Procedure from library normaliz.lib (see normaliz_lib).

Usage:
valRing(intmat V);

Return:
The function returns a monomial ideal, to be considered as the list of monomials generating $S$ as an algebra over the coefficient field.

Background:
A discrete monomial valuation $v$ on $R = K[X_1 ,\ldots,X_n]$ is determined by the values $v(X_j)$ of the indeterminates.
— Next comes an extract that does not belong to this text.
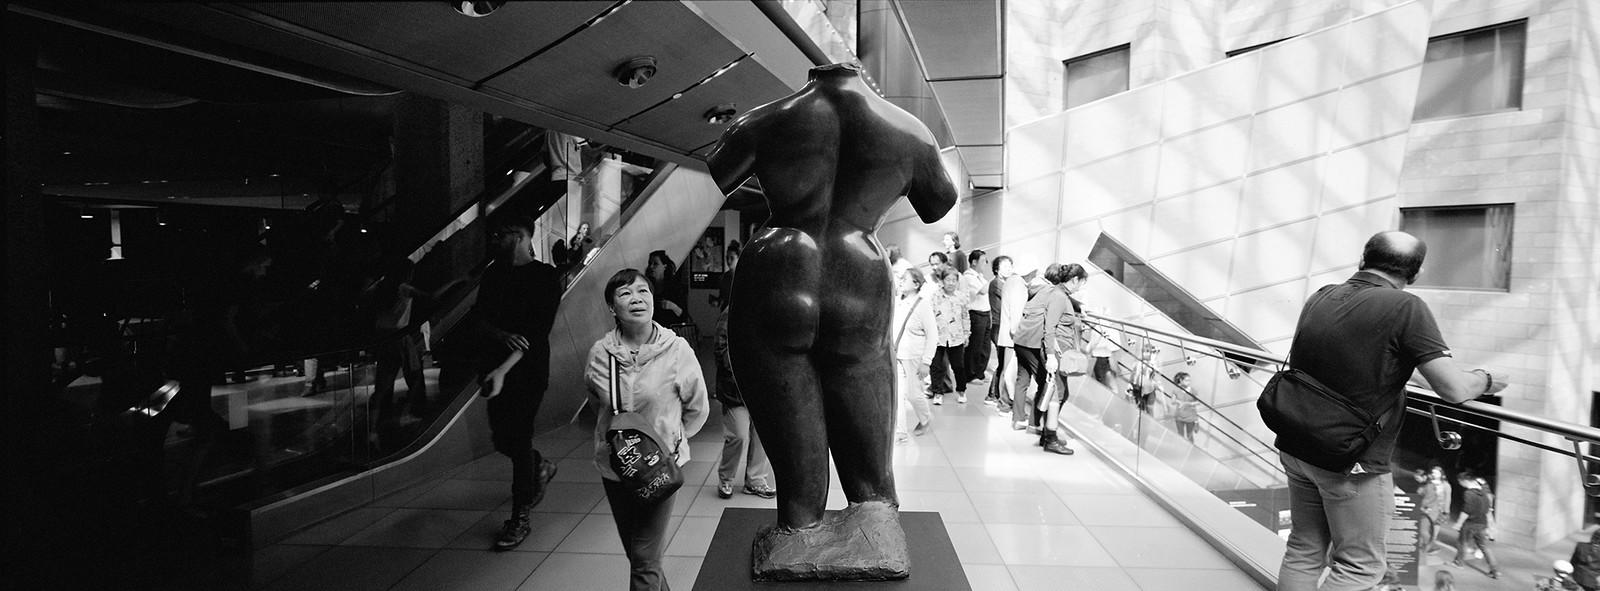 Statue Gazing

This function computes the subalgebra $S = \{ f \in R : v_i ( f ) \geq 0,\ i = 1,\ldots,r\}$ for several such valuations $v_i$, $i=1,\ldots,r$. It needs the matrix $V = (v_i(X_j))$ as its input.
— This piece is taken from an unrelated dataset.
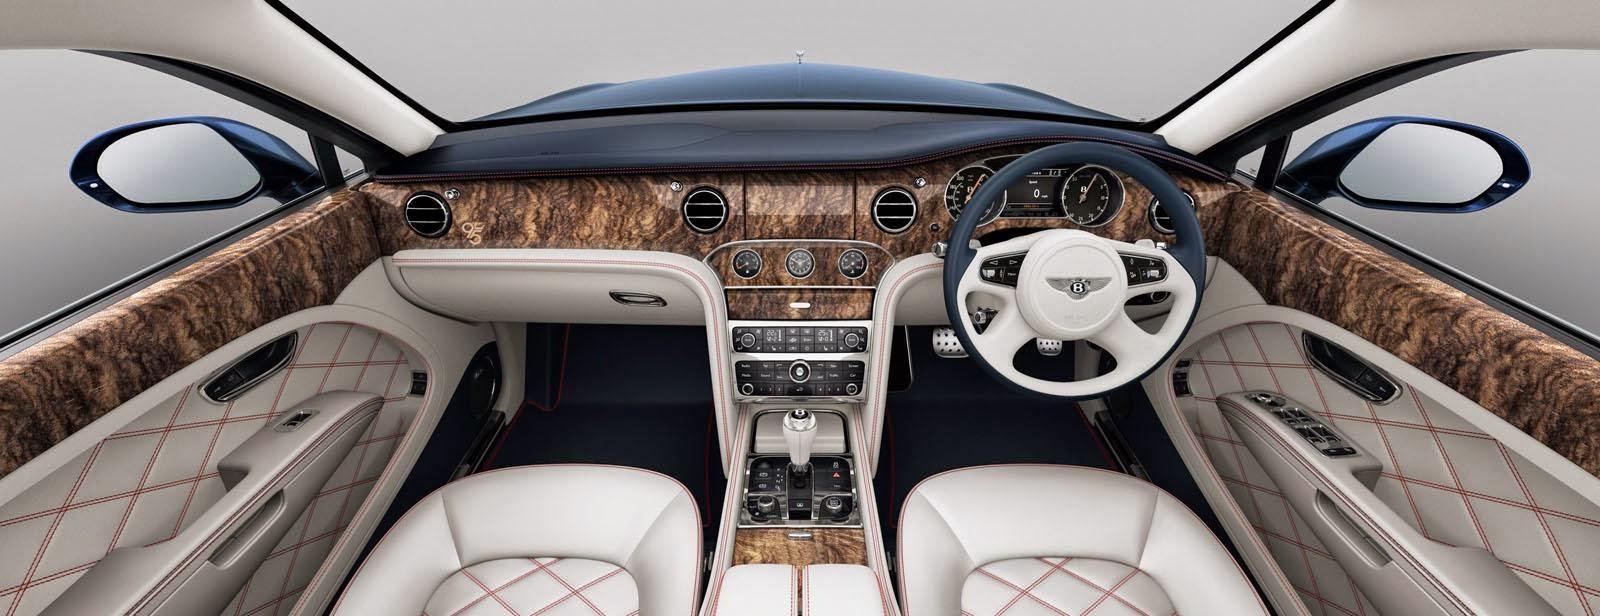 [Resim: Bentley+Mulsanne+95+Edition+2.jpg]

The function returns the ideal given by the input matrix V if one of the options supp, triang, or hvect has been activated.
However, in this case some numerical invariants are computed, and some other data may be contained in files that you can read into Singular (see showNuminvs, exportNuminvs).

Note:
It is of course possible that $S=K$. At present, Normaliz cannot deal with the zero cone and will issue the (wrong) error message that the cone is not pointed. The function also gives an error message if the matrix $V$ has the wrong number of columns.

Example:
 
LIB "normaliz.lib";
ring R=0,(x,y,z,w),dp;
intmat V0[2][4]=0,1,2,3, -1,1,2,1;
valRing(V0);
==> _[1]=y
==> _[2]=xy
==> _[3]=w
==> _[4]=xw
==> _[5]=z
==> _[6]=xz
==> _[7]=x2z
See also: torusInvariants; valRingIdeal.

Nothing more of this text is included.